The allosteric nature of Human Glycogen Branching Enzyme

ISSOGLIO, FEDERICO M.; CARRIZO, MARÍA E.; CURTINO, JUAN A.

Rosario, Santa Fe, Argentina

Congreso; L Reunión Anual de la Sociedad Argentina de Investigación Bioquímica y Biología Molecular (SAIB); 2014

Sociedad Argentina de Investigación Bioquímica y Biología Molecular (SAIB)
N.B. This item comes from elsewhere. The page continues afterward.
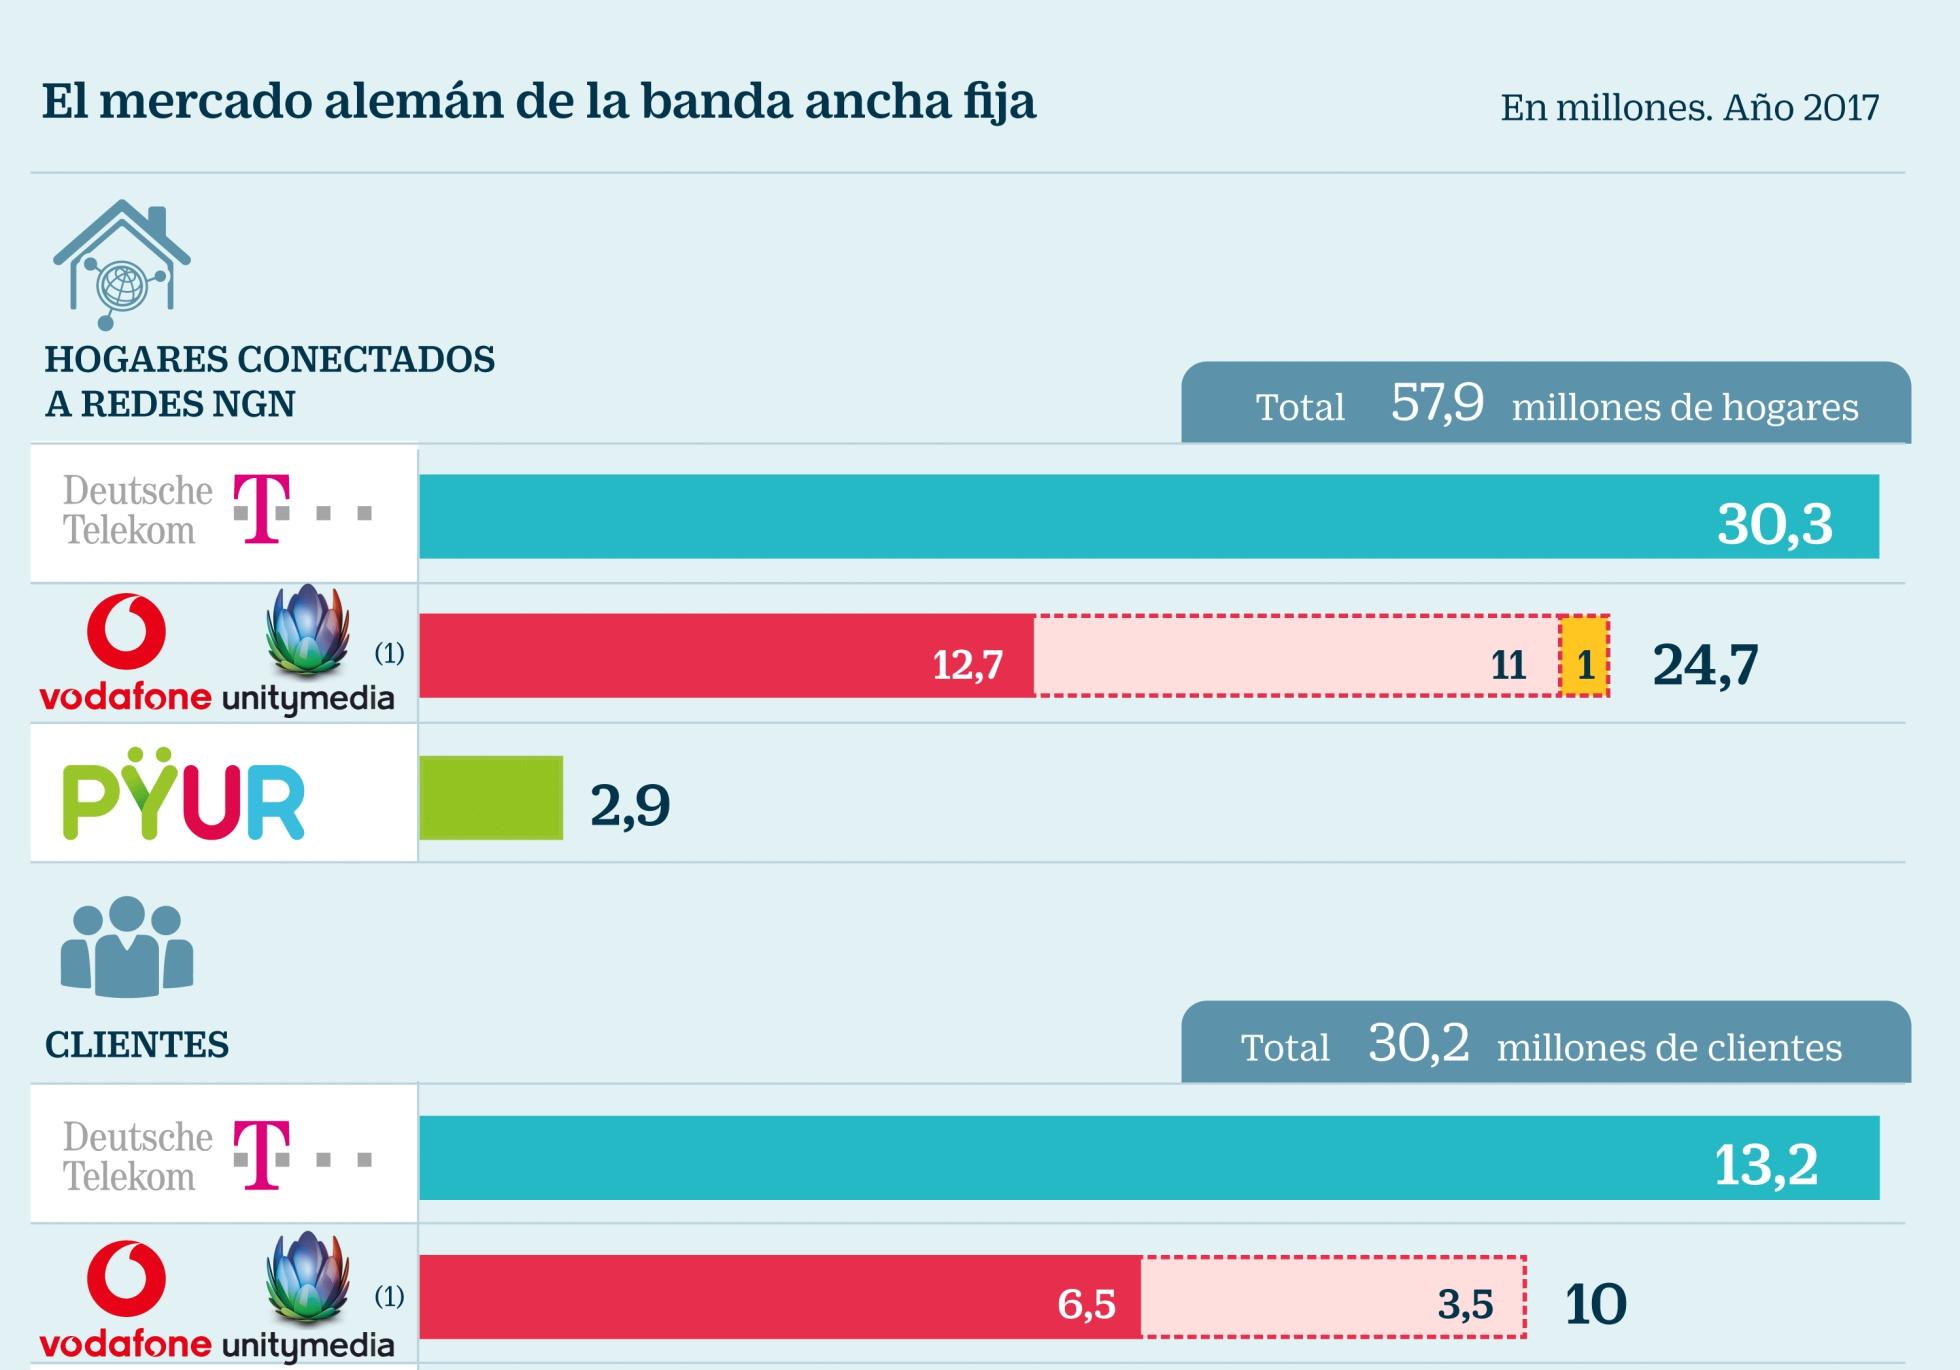 Competencia y  concentración de  capital  en telefonía. 1525889948_224709_1525890536_noticia_normal_recorte1

Glucose is the principal source of energy for most cells. In mammals and bacteria, glucose is stored as glycogen, the branched polymer formed by linear α-1,4-oligoglucan chains linked by α-1,6-glucosidic bonds. The de novo biosynthesis of glycogen starts with glycogenin autoglucosylation, that produces a protein-bound oligoglucan that serves as primer for other two enzymes, glycogen synthase elongating the chains, and the glycogen branching enzyme (GBE) catalyzing the cleavage of a linear segment and transferring it to the 6-position of a non-terminal glucosyl unit. GBE belongs to the Glycosil Hydrolase family 13, and has been isolated and characterized in some bacteria, rabbit and rat. In this study we report the production of human GBE (HBE) in insect cells using the baculovirus expression system, and the activity analysis of the recombinant enzyme. The branches introduced by HBE were analyzed after degradation with isoamylase. The new reducing oligosaccharides generated are subjected to fluorophore-assisted carbohydrate electrophoresis (FACE), where saccharides are derivatized at their reducing ends with a fluorophore and then separated by polyacrilamide gel electrophoresis (PAGE). Using this method we could measure HBE activity by quantifying the specific reaction products, and perform the kinetic studies that reveal the allosteric nature of this enzyme.